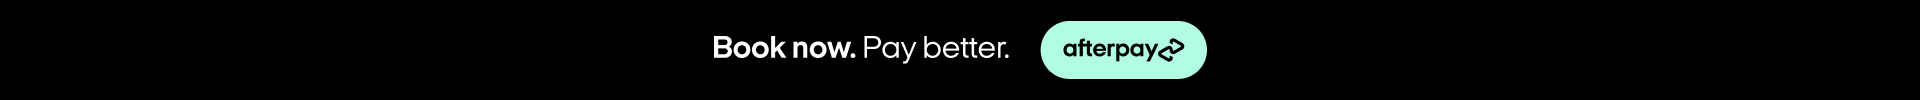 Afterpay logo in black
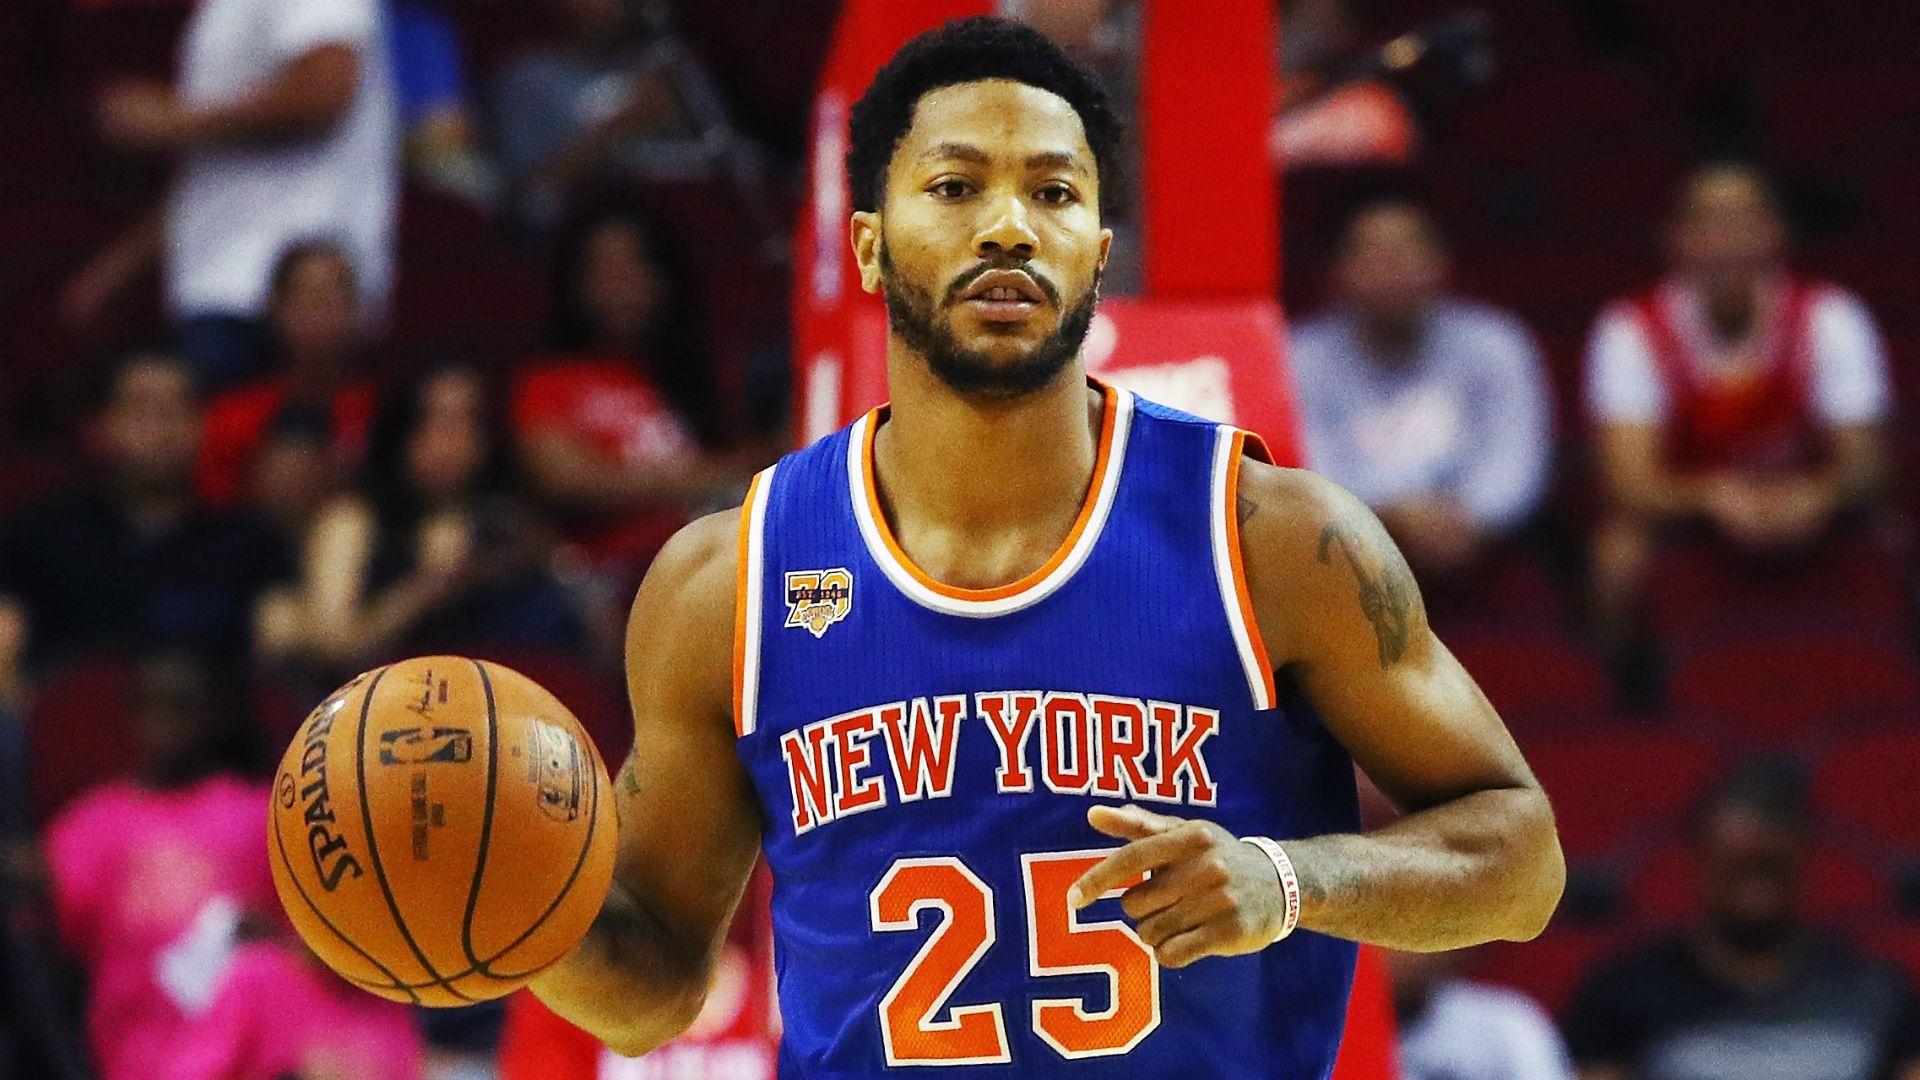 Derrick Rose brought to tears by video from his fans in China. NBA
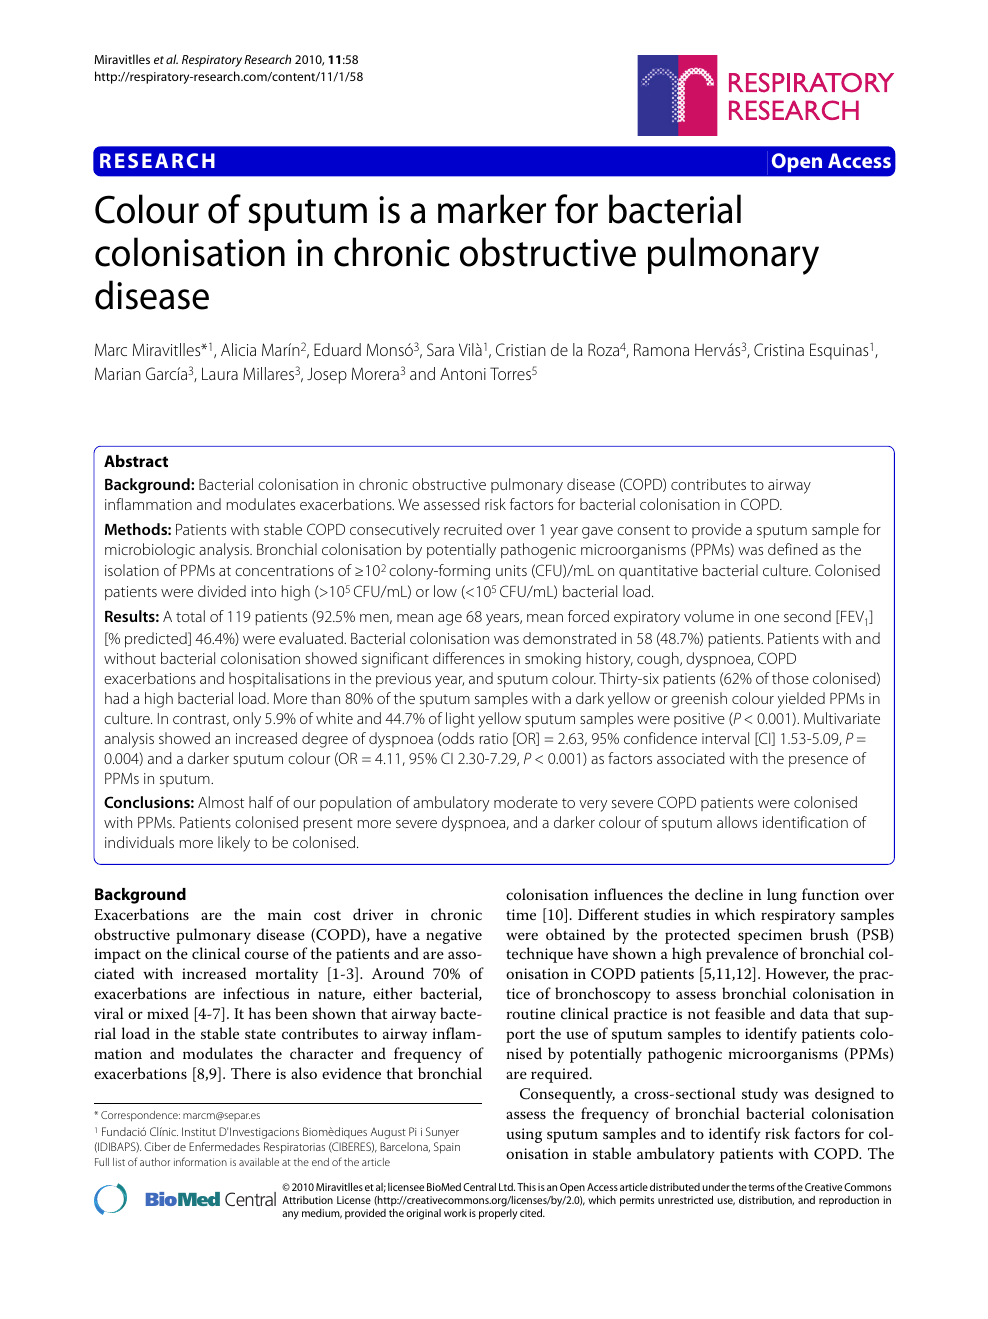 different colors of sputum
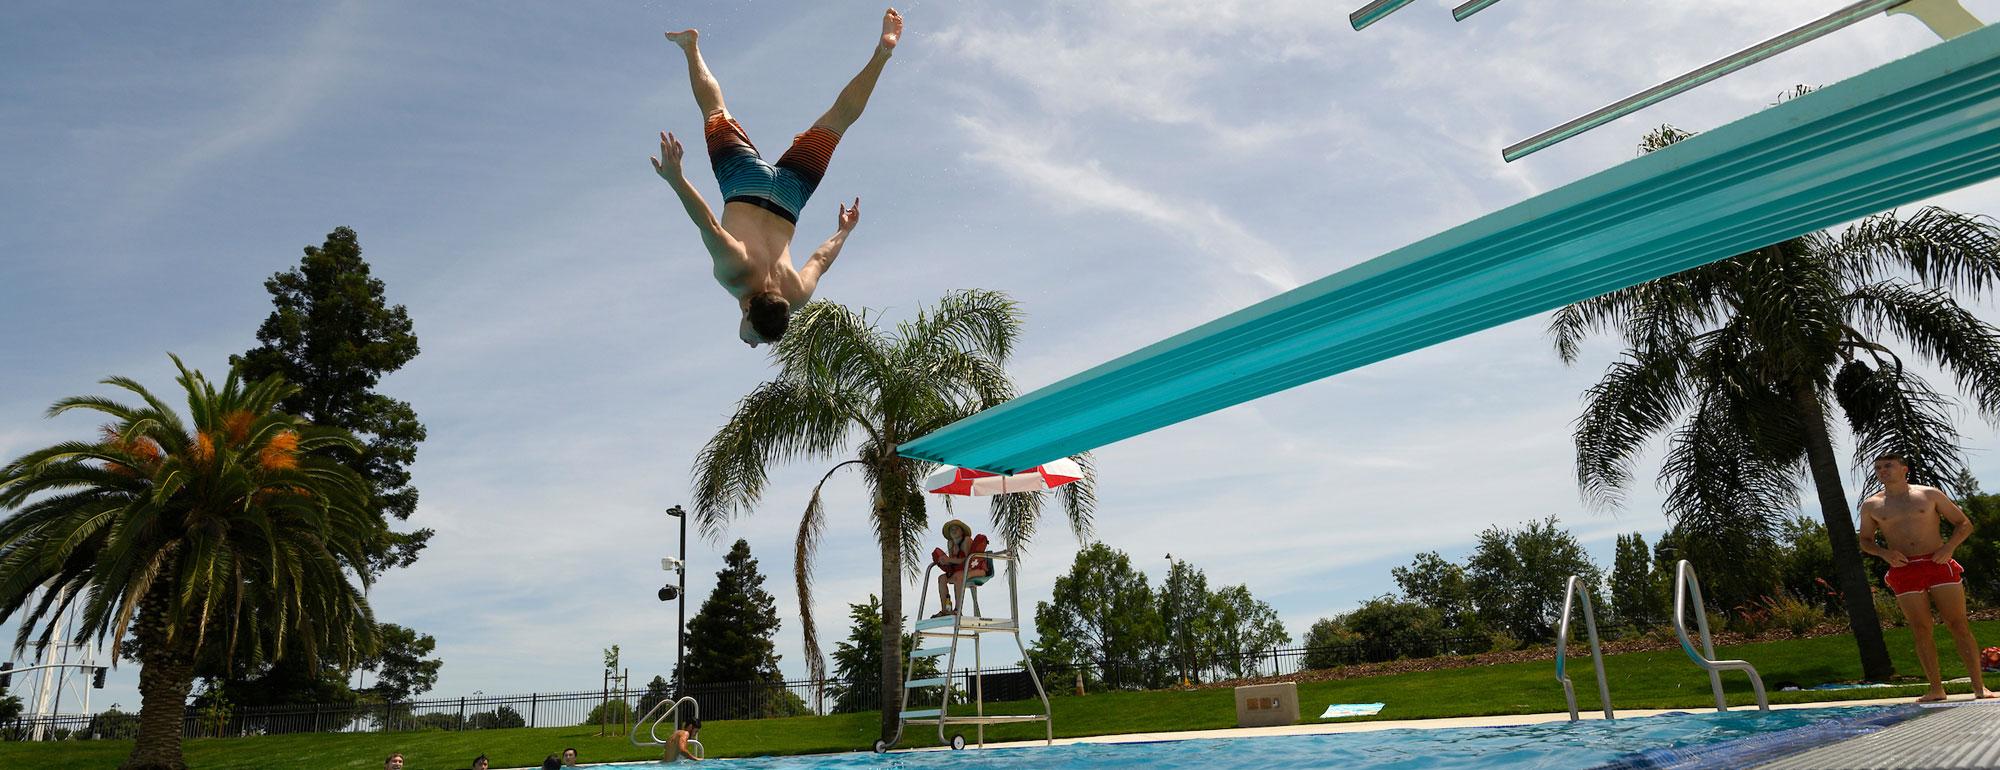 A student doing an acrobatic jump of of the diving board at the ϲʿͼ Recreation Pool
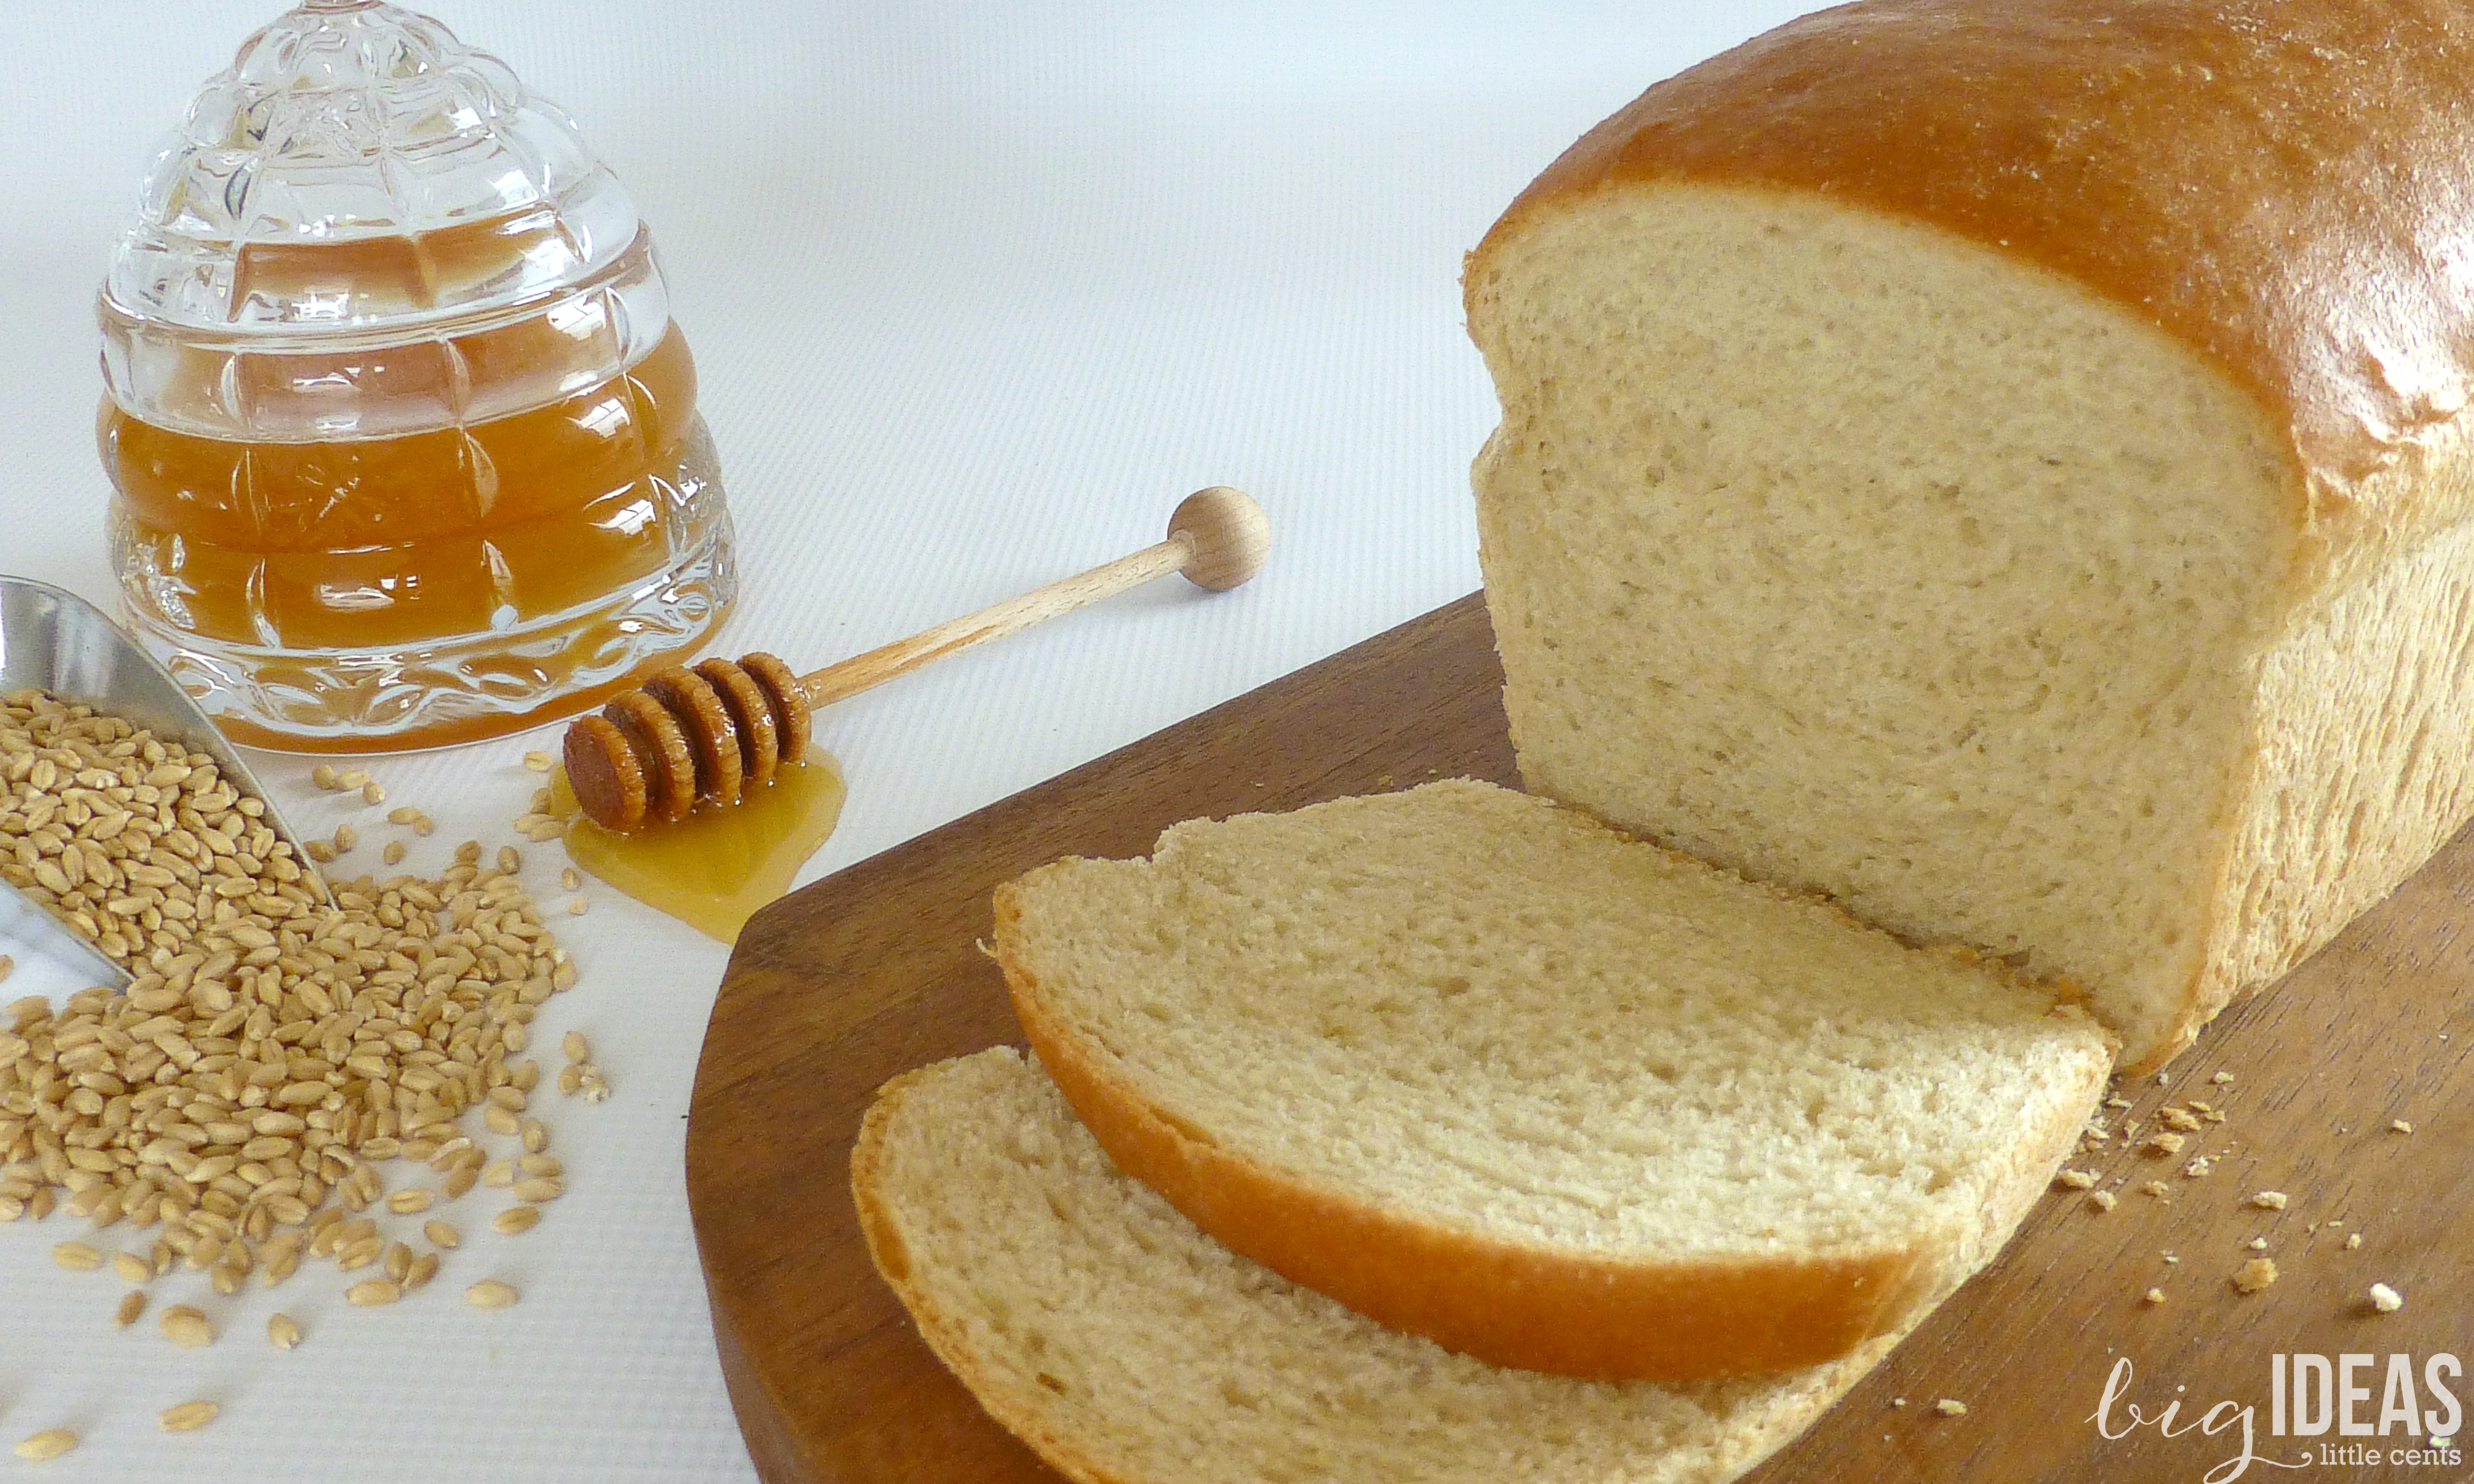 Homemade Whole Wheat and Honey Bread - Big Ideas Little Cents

━━━━━━━━━━━━━━━━━━━━

_EXERCISE BRIEF:_
The material above is to be output exactly, with each picture left out.

_EXERCISE RESPONSE:_
 Afterpay logo in black
 Derrick Rose brought to tears by video from his fans in China. NBA
 different colors of sputum
 A student doing an acrobatic jump of of the diving board at the ϲʿͼ Recreation Pool
 Homemade Whole Wheat and Honey Bread - Big Ideas Little Cents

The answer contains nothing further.